Darlene came back through the door with another carton, took one look at the counter, and set it down with more force than strictly necessary. “Will that be all?”
“Yes, thank you,” Nans said warmly. “You’ve been very helpful.”
Darlene’s expression suggested she very much doubted that.
Outside, the afternoon air was sharp after the cool of the shop. Ida had the crackers open before they reached the corner, working the packaging with the focused efficiency of someone who had been patient long enough.
Ruth waited until they were halfway down the block. “Did you see that?” she said. “She hauled two cartons of cabernet like they were grocery bags. Crushed a cardboard box with her knee without blinking.”
“I noticed,” Nans said.
“She’s got the upper body strength to crack a skull.”
“She was nervous,” Ida said, getting the first cracker to her mouth at last. She chewed.

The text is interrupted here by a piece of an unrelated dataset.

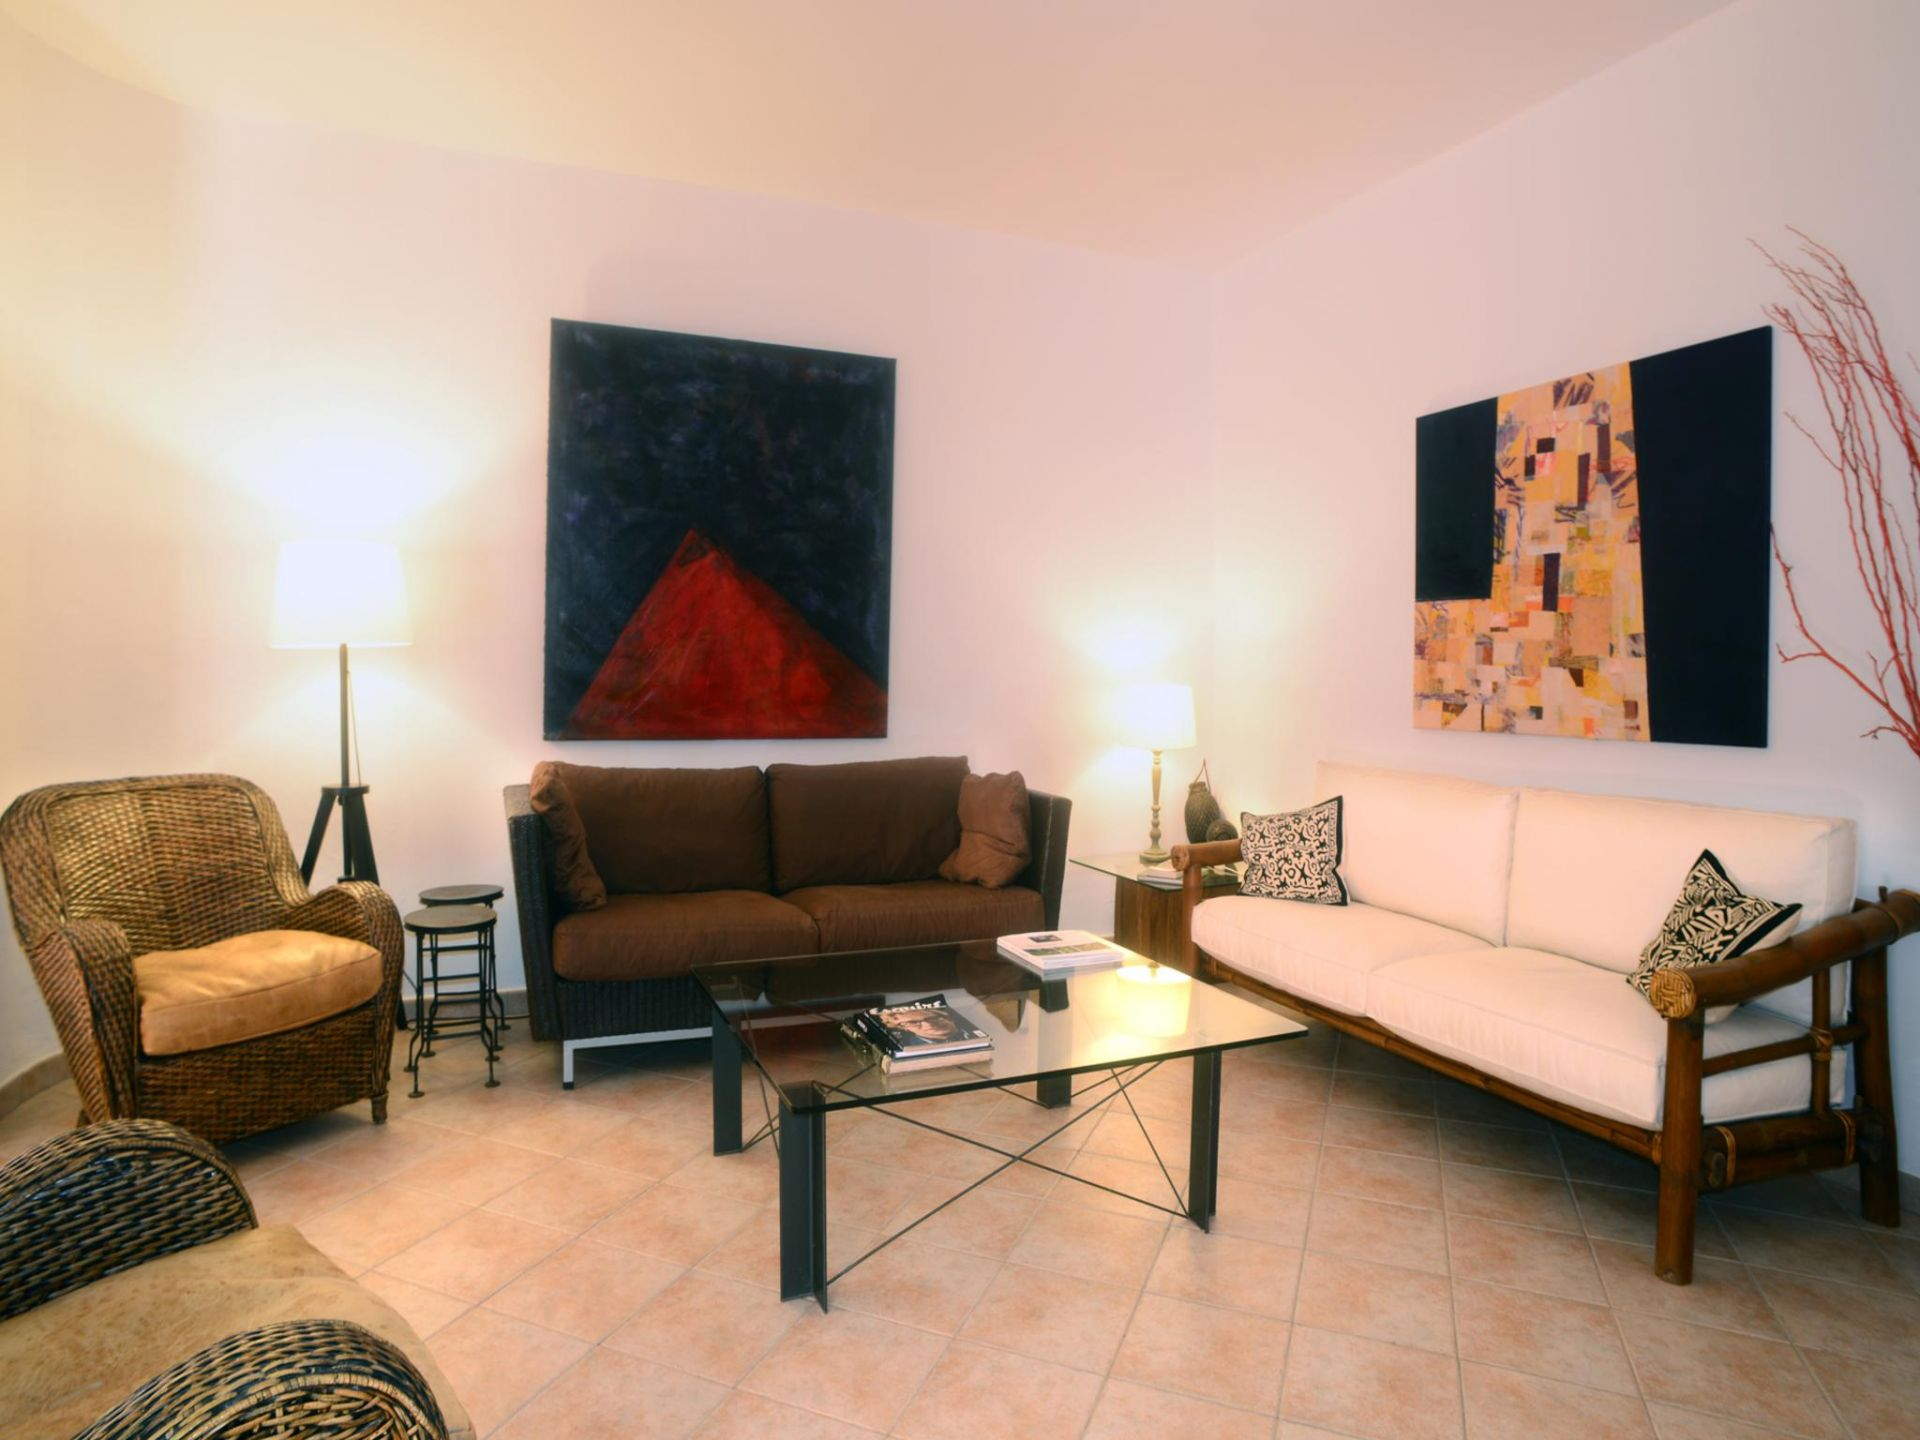 Holiday apartment Villa San Agustin 10 - Holiday Rental (854295), Maspalomas, Gran Canaria, Canary Islands, Spain, picture 30

Nodded. “These are good.”
“She did seem nervous,” Nans agreed.
They walked in silence for a moment, the kind that settles when everyone is thinking the same thing and waiting to see who says it first.
Ida reached into the bag for the triple cream brie and examined it with the seriousness it deserved. “If she’s innocent,” she said, “I’ll eat this entire brie by myself.”
Ruth looked at her. “You were going to do that anyway.”
Ida considered this. “That’s fair,” she said, and started looking in her purse for something to spread it with.